Special Agent Jeff Youngblood, who works in the FBI's resident agency in Durant, Oklahoma, helped convict a corrupt public official of the Choctaw Nation of Oklahoma last year. He felt more satisfaction than usual bringing a criminal to justice, because Youngblood is Native American and a member of the Choctaw tribe.


Video Transcript

My name is Jeff Youngblood. I'm a special agent for the FBI. I'm assigned to the Oklahoma City Division, Durant Resident Agency. I am also an enrolled member of the Choctaw Nation of Oklahoma.

With this opportunity, when it came open, not only could I work as an FBI agent and do things as far as other roles, a law enforcement officer, but it also gave me a little fulfillment in knowing that I'm also helping out the Choctaw Nation, a tribe that I belong to.

One of the Choctaw employees who oversaw the construction, the new construction, remodeling for many of their projects for the Choctaw Nation, he had an expectation of receiving things that he wasn't entitled to, and some of these businesses, once they realized it, capitalized on it and continued to providing him gifts and bribes in cash and other forms of assets, cars, guns, things of those natures, to get him in—to get this individual, this Choctaw employee in their back pocket so when it came time for contracts, they could kind of set their price, set what they wanted to do and know it would get approved because they had won his favor through these bribes.

it was a unique situation in that not only do I get to work and investigate as an FBI agent, but it also gave me the opportunity to not only just help normal people but to help the tribe.

That’s when it really started to hit me. I'm a victim here as well as the other people because I'm a member of the tribe. This was our money.

Being an FBI agent assigned here to the Nation in this territory, I was able to take an active role in trying to correct something.

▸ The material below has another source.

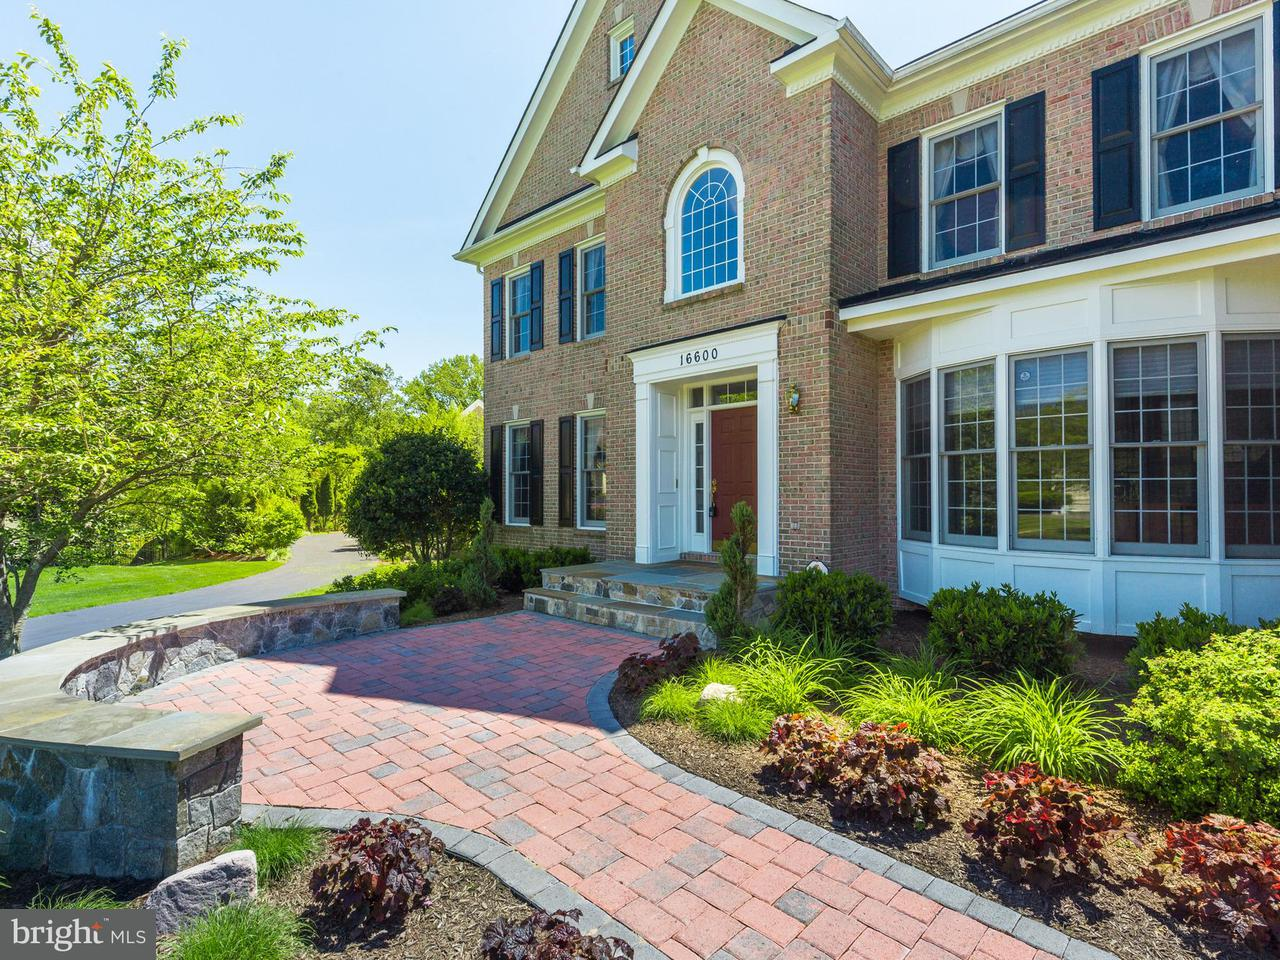 一戸建て のために 売買 アット 16600 Sea Island Court 16600 Sea Island Court Silver Spring, メリーランド 20905 アメリカ合衆国

It was very satisfying, very satisfying to be able to sit on the witness stand and not only tell them, you know, that I was an FBI agent and here’s what we did in putting them through the case agent but to look at the people that were in the gallery that were victims in this case that attended and wanted answers, but to be able to stand there on the witness stand and tell them, you know, I'm one of you, I'm a member, I'm a victim, too, and I'm standing here with you and here’s what we've done and, you know, we're getting justice for how we were wronged.

I've lived here all my life and for them to know that, you know, I've got roots. My parents, we go back to Southeastern Oklahoma. I'm not a transplant. This isn't a short-time assignment and I'm looking to go somewhere else. They know that I chose to come here. I wasn't assigned to it and then for the tribe to know that I am a member, that I'm not just going to do things halfway, because I do have an interest. I have a vested interest because it’s my tribe. I'm a member of it so the effort is going to be there. I certainly have an interest and they're aware of that. And I think that plays an important role. They know that I do care. It isn't just part of my duties.